With the growth of the Web and improvements in data collection technology in Science, datasets have been rapidly increasing in size and complexity, necessitating comparable scaling of machine learning algorithms. However, designing and implementing efficient parallel machine learning algorithms is challenging and time consuming. To address this challenge, we recently released GraphLab, a framework providing an expressive and efficient high-level abstraction satisfying the needs of a broad range of machine learning algorithms. The performance of our system has attracted significant attention, receiving thousands of downloads from many universities and companies.
Currently, GraphLab only addresses batch processing in multicore settings. In this project, we are developing GraphLab 2: addressing the much more challenging online and distributed settings, tackling: 1) Cloud-based distributed machine learning. 2) Natural graphs, with very high-degree vertices that are not amenable to graph partitioning methods. 3) Online tasks, where data and queries are streaming over time. 4) Off-core computation, since huge problems may not fit into memory, even across the cloud.

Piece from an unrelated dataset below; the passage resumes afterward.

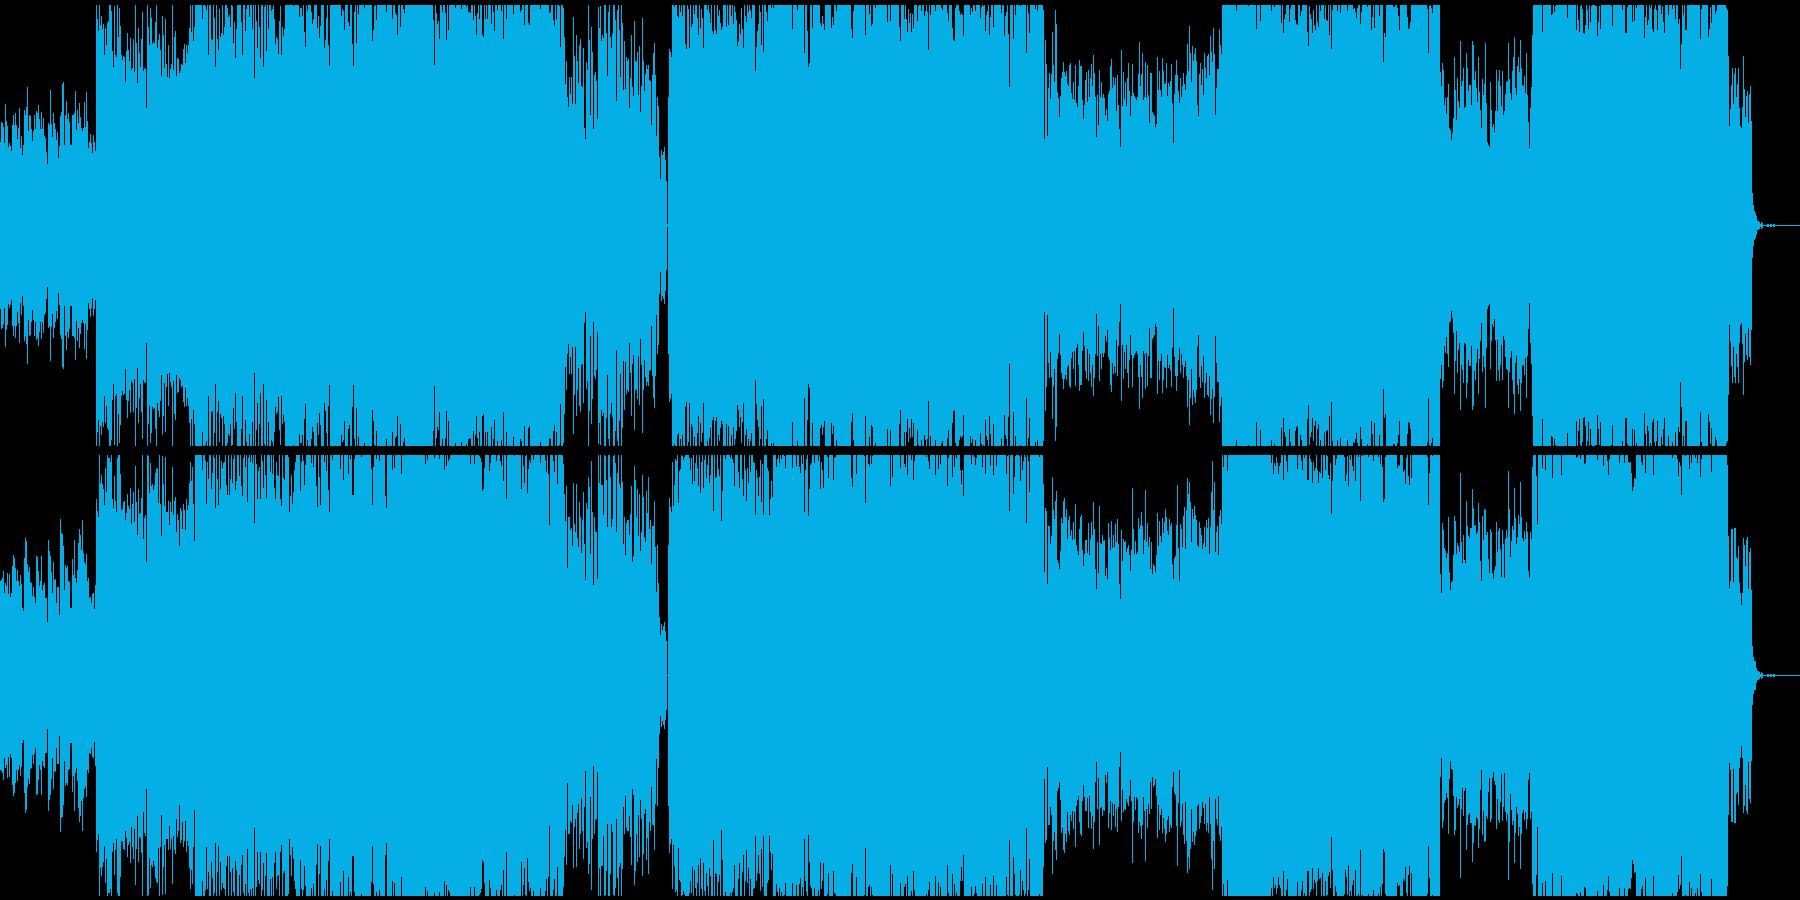 女性ボーカル/キラキラしたポップ/朝の再生済みの波形
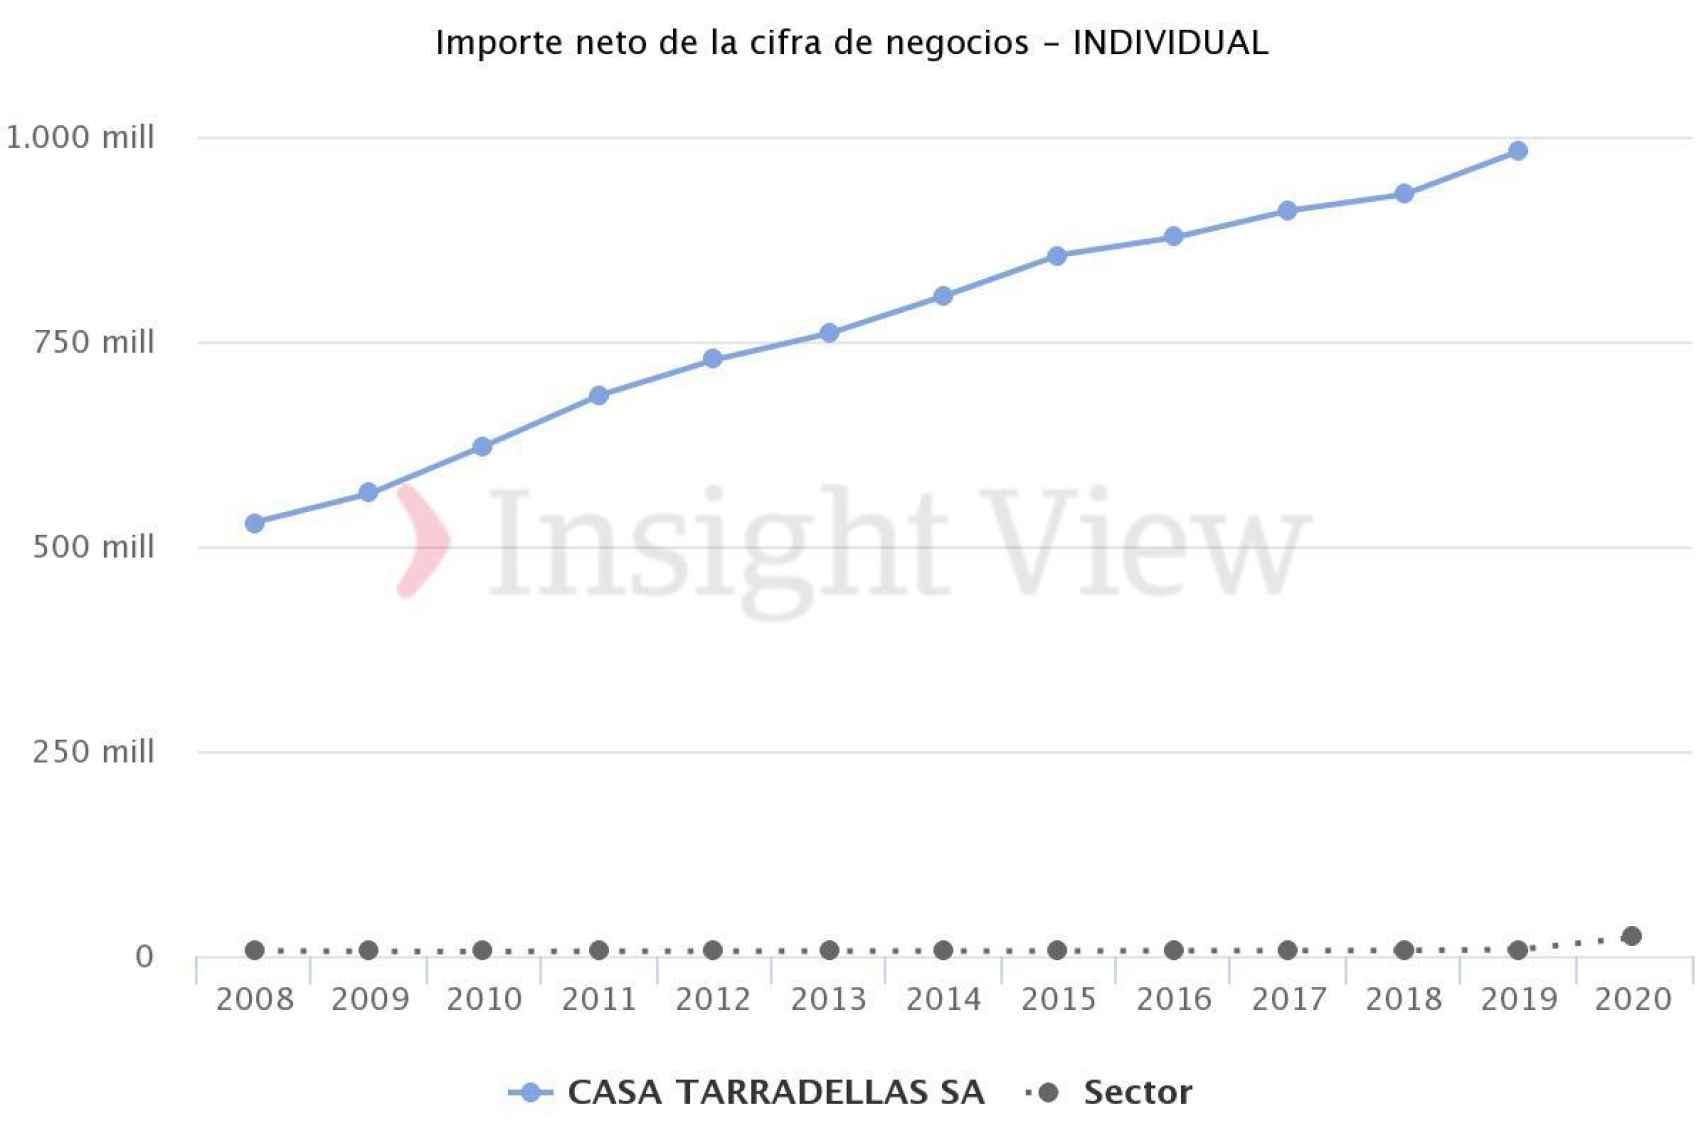 Evolución de las ventas de Casa Tarradellas. Fuente: Insightview.

One of the key contributions of the project is the continual dissemination and transfer of our technology. Our open-source software releases will continue to enable large-scale machine learning applications in science and engineering.
Our ambitious broader impact goals, beyond theory and systems, include the development of a new curriculum focused on preparing students for the industrial and scientific needs in this field. Our proposed courses include "Machine Learning on the Web" and "Cloud Computing for Big Machine Learning and Data Mining."